The scale is different. The question is identical.


A content strategy that has not been edited — in the editorial sense, not the proofreading sense — is a strategy full of competing priorities, unclear hierarchies, and content that exists because someone wanted to create it rather than because the audience needs to receive it. It is a first draft. It needs the same ruthless attention that a first draft of prose requires.


The Buried Lede Problem

Journalism has a term for a specific editorial failure: the buried lede. It refers to a story that takes too long to get to its most important information — where the real news is hidden four paragraphs down, buried under context and scene-setting that the writer found interesting but the reader does not need.
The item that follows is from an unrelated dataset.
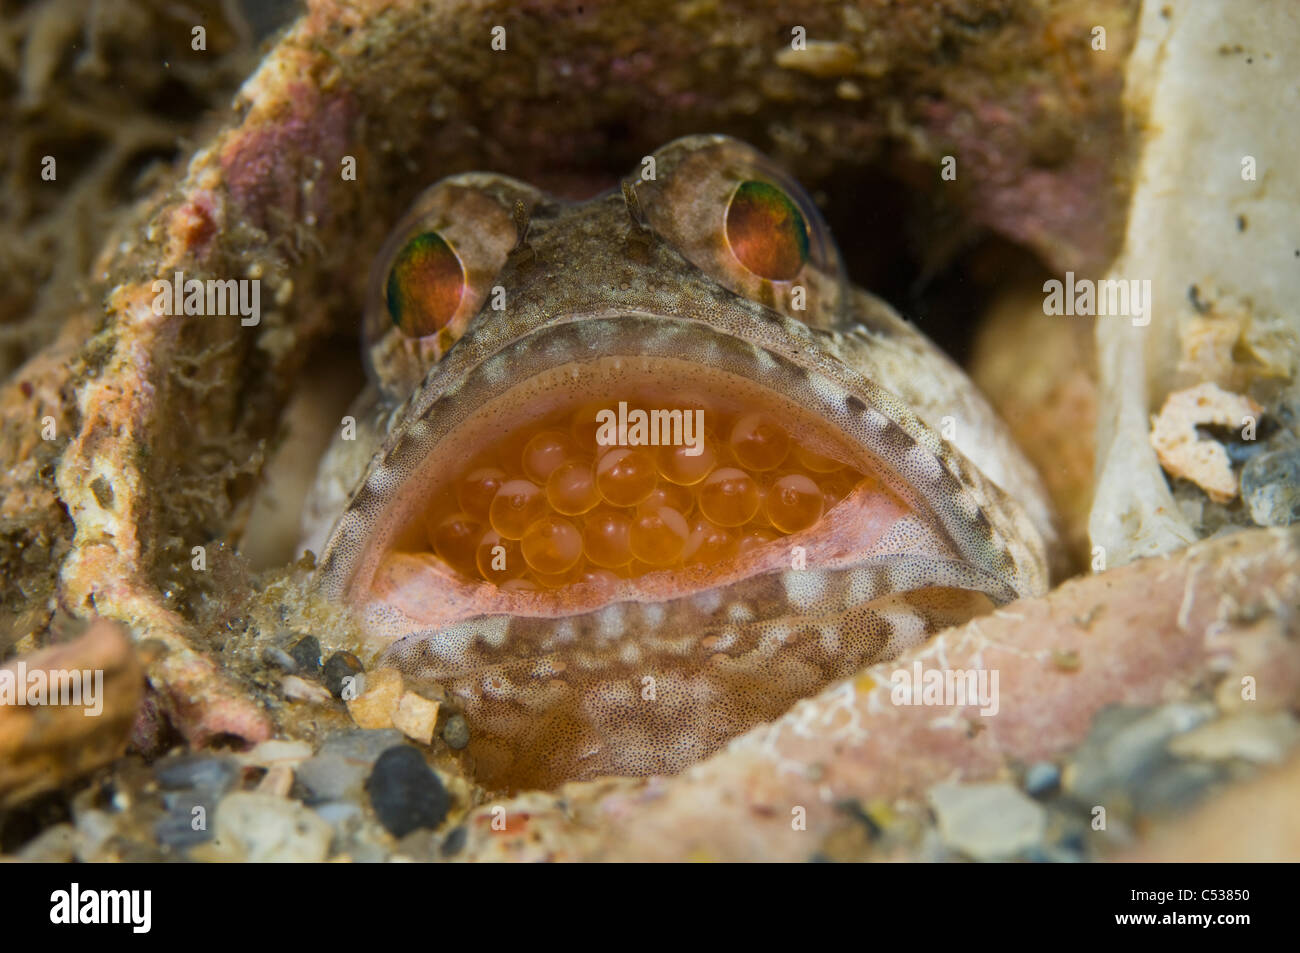 Male Jawfish (Opistognathus sp) incubating eggs in his mouth. This species is known as a paternal mouthbrooder. Stock Photo

Most brand content has a buried lede problem. The most important thing the brand has to say — the thing that would make its ideal customer lean in, feel understood, want to know more — is often not on the homepage. It’s not in the headline. It’s somewhere in the third paragraph of the About page, phrased in language that doesn’t quite do it justice.


An editorial sensibility fixes this. It finds the buried lede and surfaces it. It reorganizes everything else around that central truth. It makes the most important thing impossible to miss.


Editing as Strategic Thinking

The practical implication is this: if you want better content strategy, bring editorial thinking into the process earlier. Not at the end, to fix the prose, but at the beginning, to ask the hard questions about what the content is actually for and whether it is capable of doing that work.

Ask: if this piece of content could only say one thing, what would it be? Ask: what would a reader who knows nothing about us take away from this? Ask: what would we cut if we had to cut half of it?


These are editorial questions. They are also strategic ones. The brands that ask them — and sit with the honest answers — produce content that is sharper, more purposeful, and more effective than anything produced by volume alone.


Great editors and great strategists are, in the end, doing the same thing: finding what matters and making sure no one misses it.